# AVAILABLE DATA
****************************************

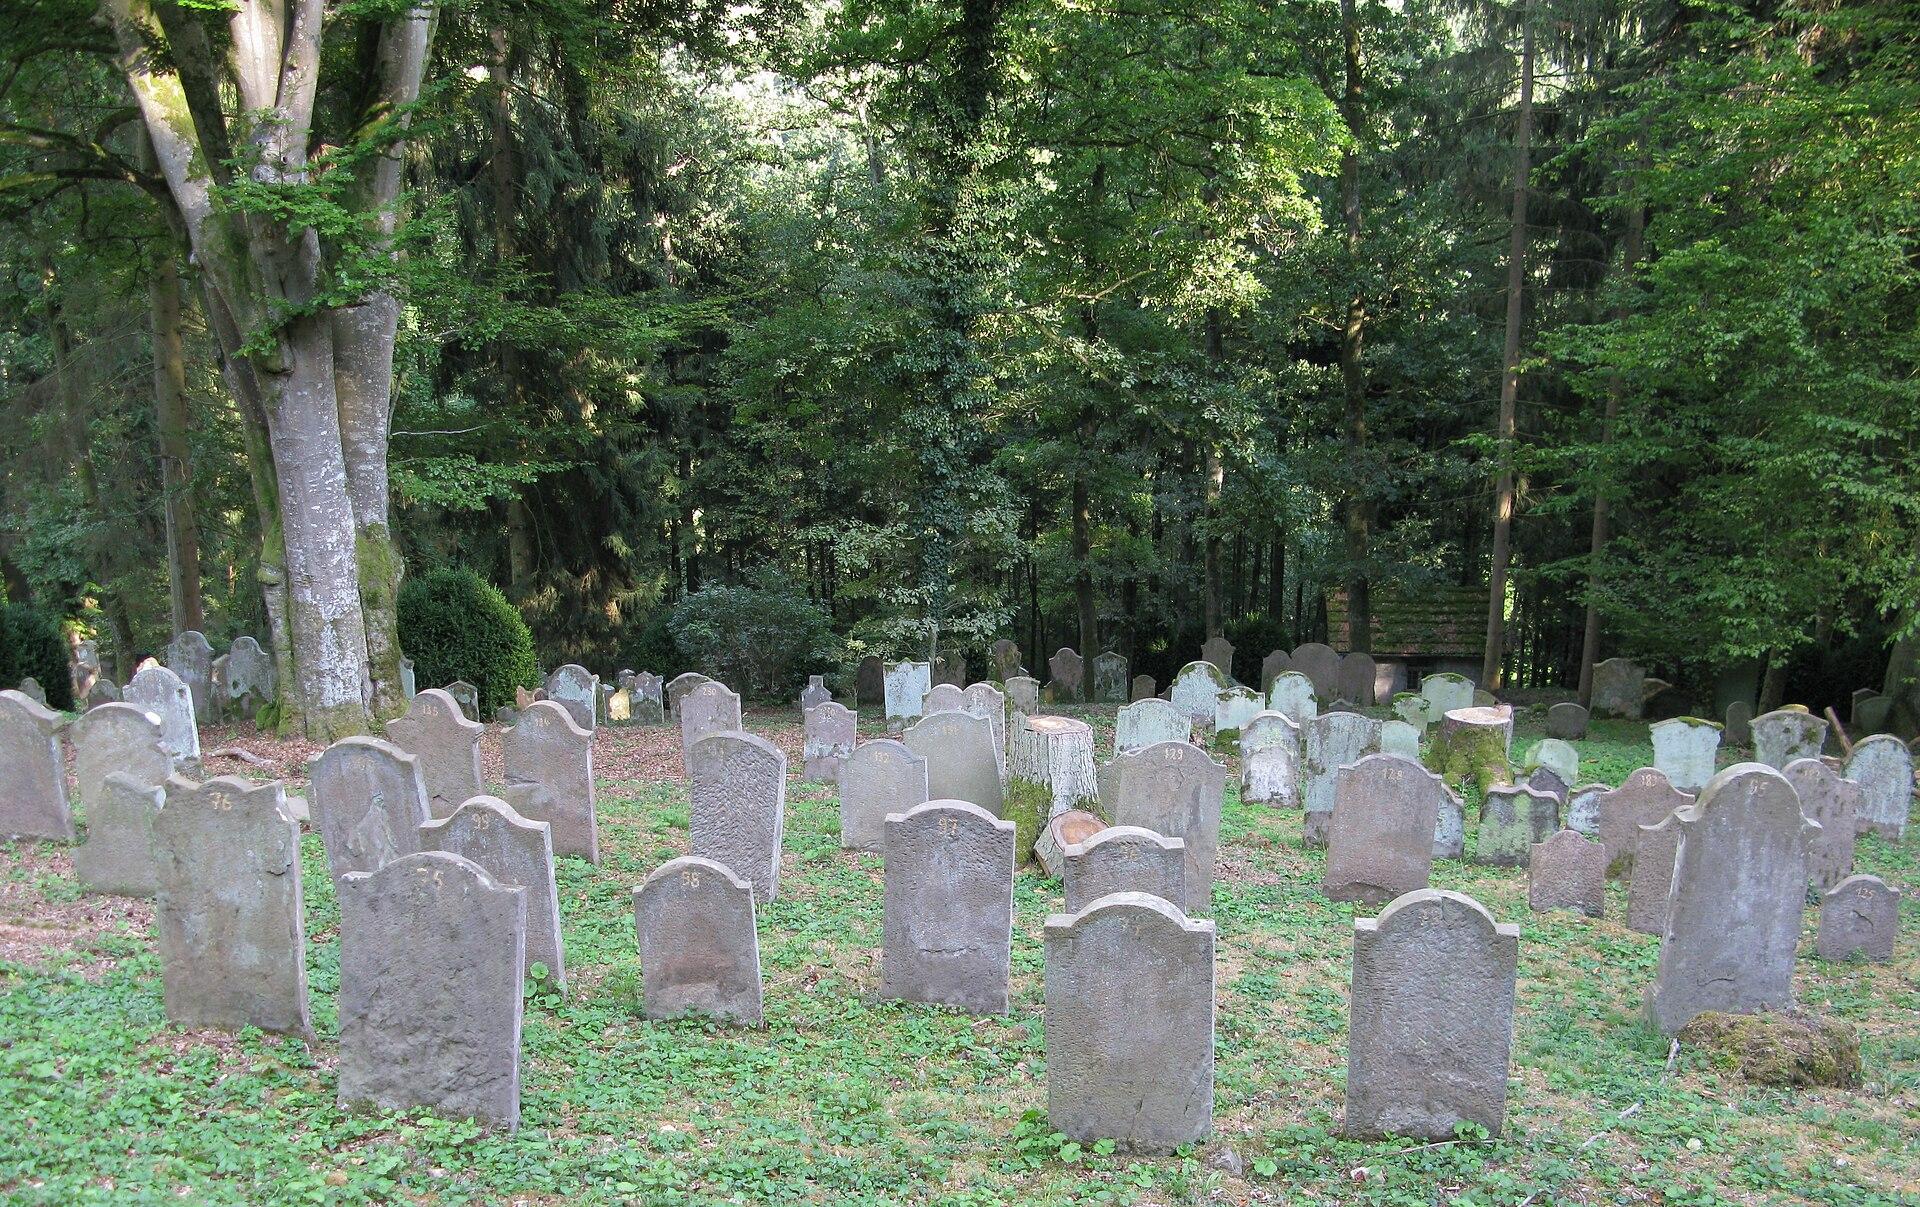 Jüdischer Friedhof Mühringen.jpg
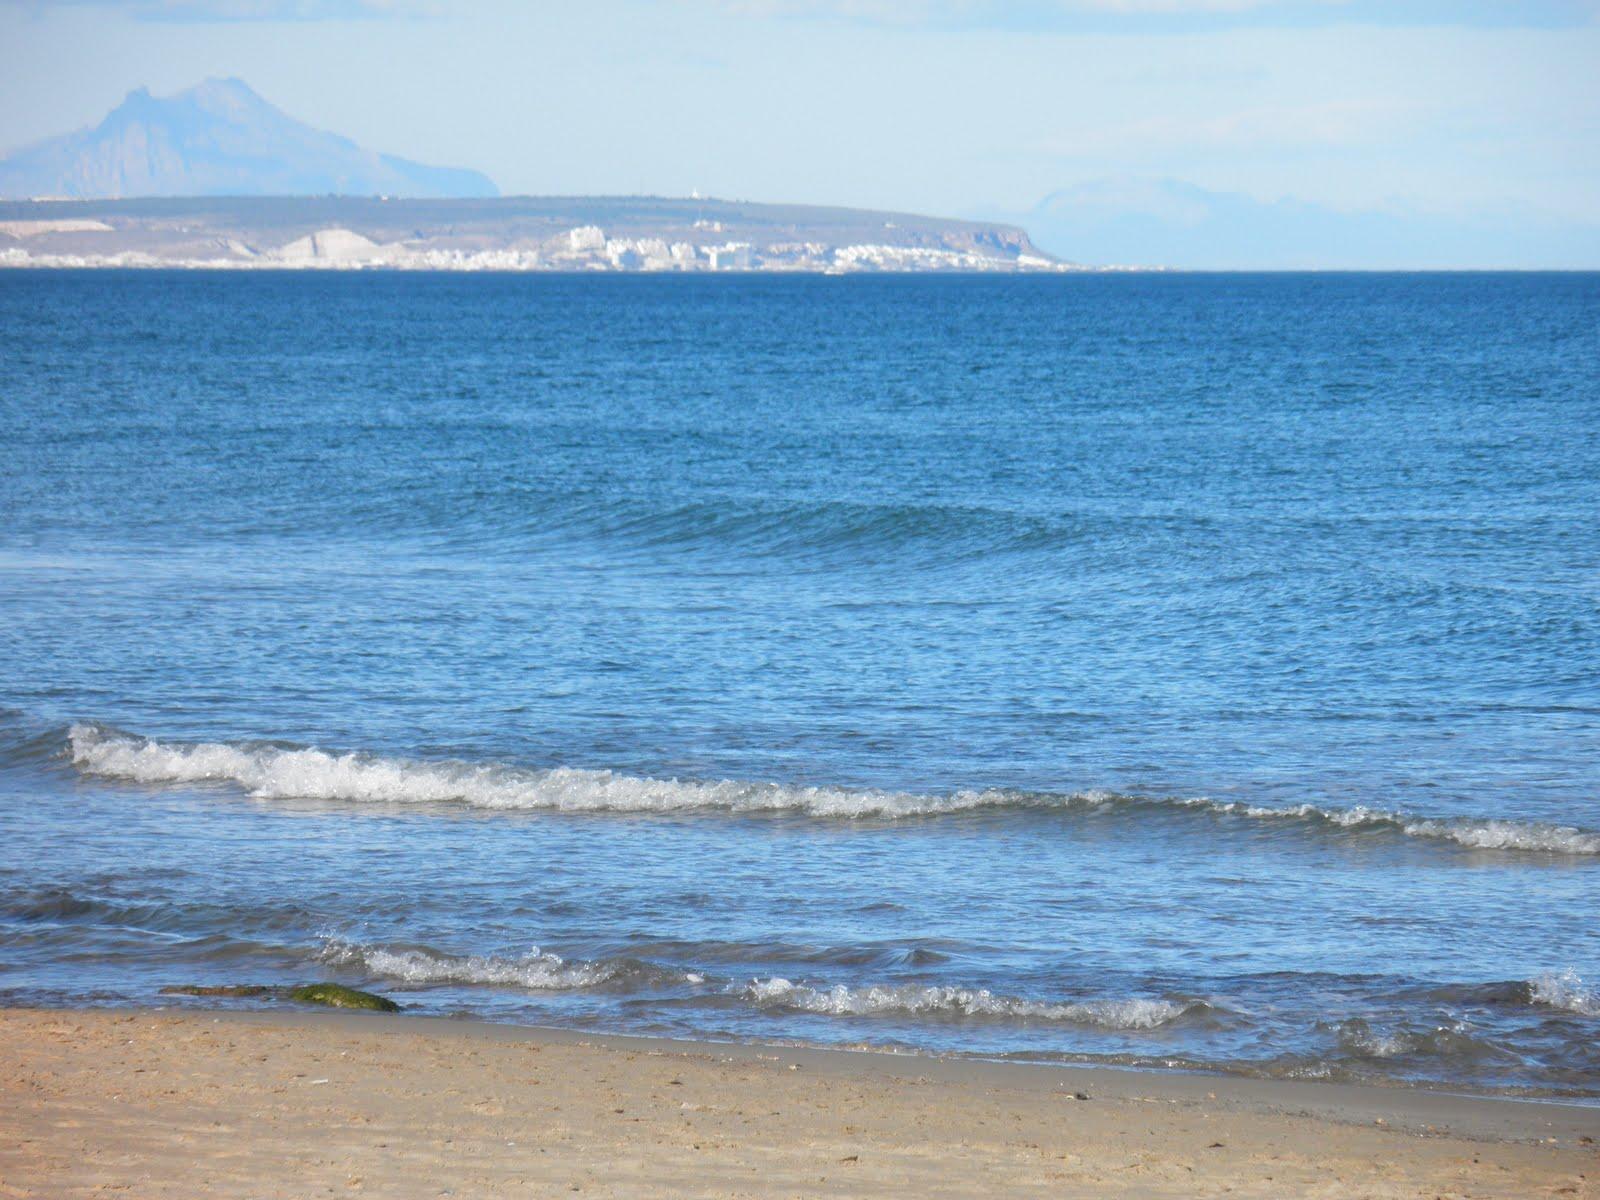 Maite free playas de guardamar flora de la laguna de la mata - Cabo santa pola ...
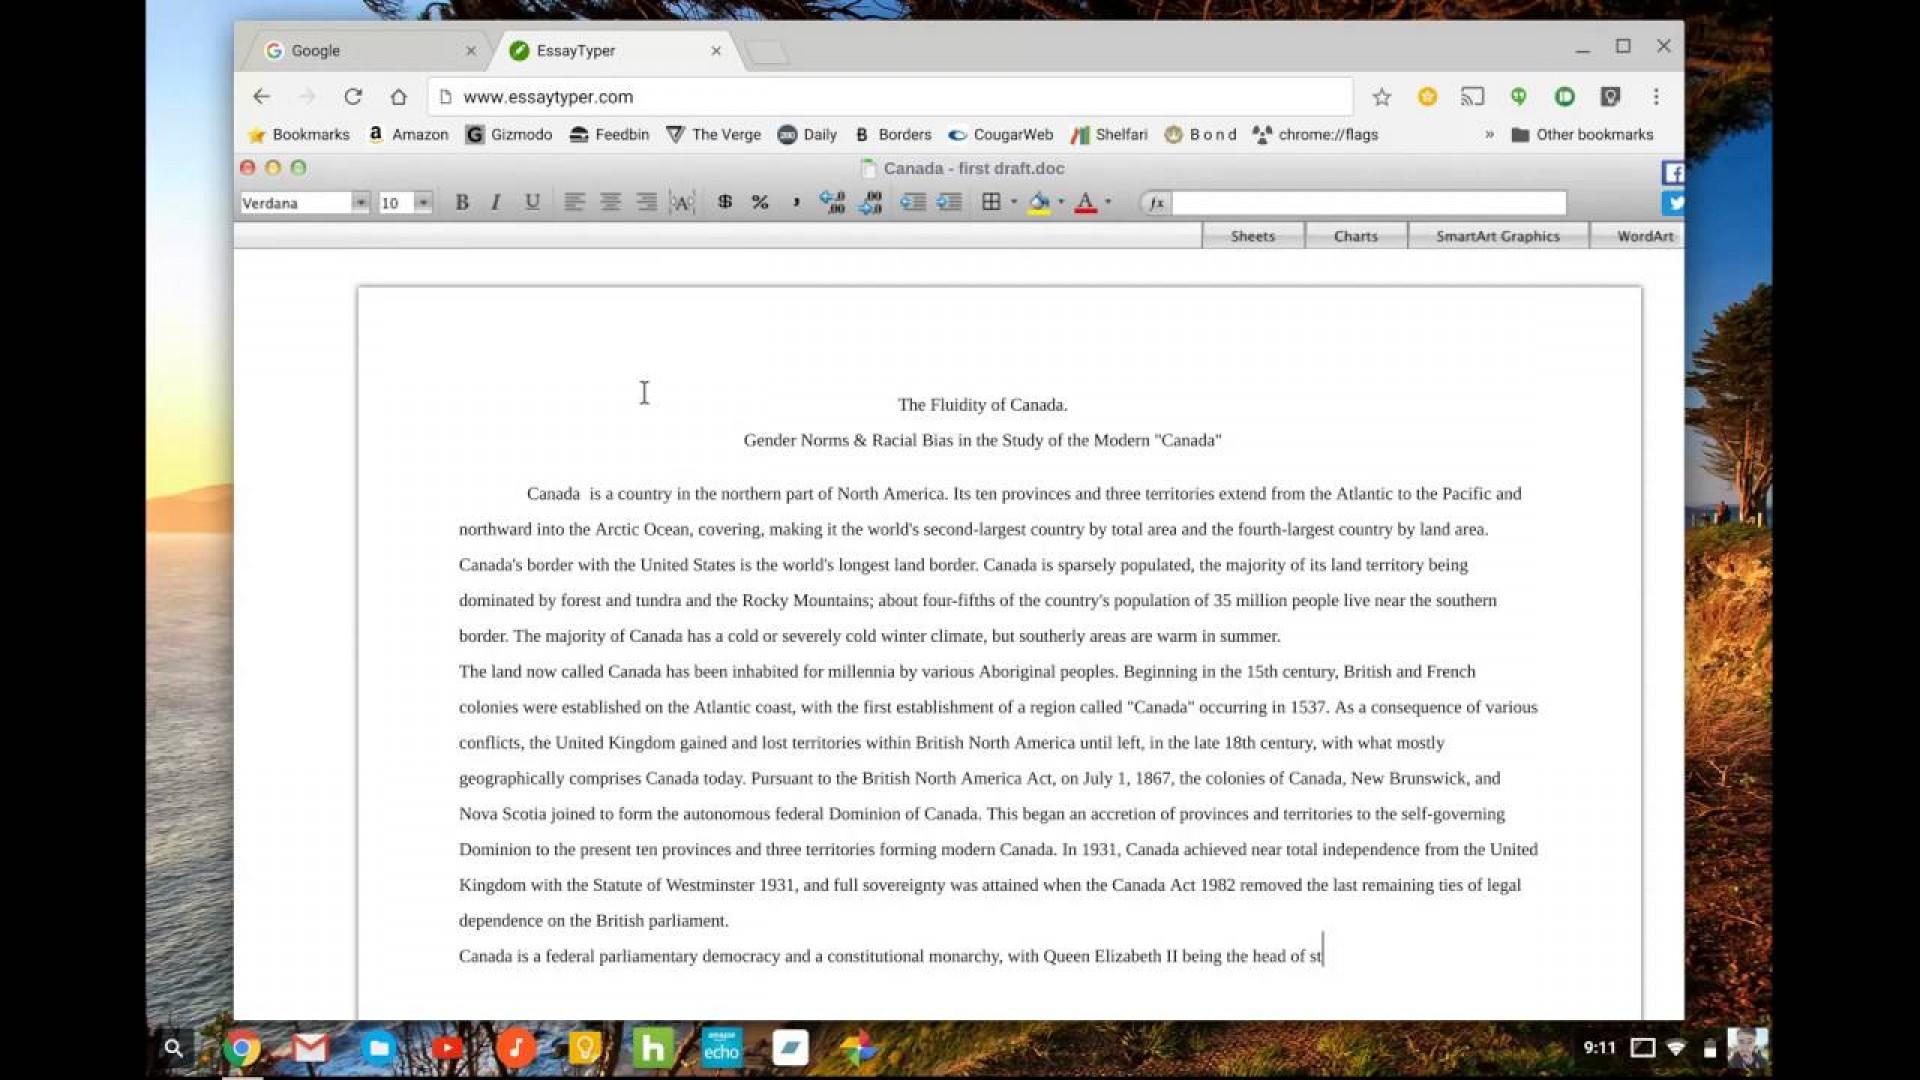 003 Essay Typer Com Example Stirring Comparative How To Use Essaytyper.com Unblocked 1920

****************************************

# WHAT THE TASK ASKS
Now repeat exactly the lines from the one with "Maite free playas" through the end of the listing above, both included, omitting all pictures.

# RESULT BELOW
 Maite free playas de guardamar flora de la laguna de la mata - Cabo santa pola ...
 003 Essay Typer Com Example Stirring Comparative How To Use Essaytyper.com Unblocked 1920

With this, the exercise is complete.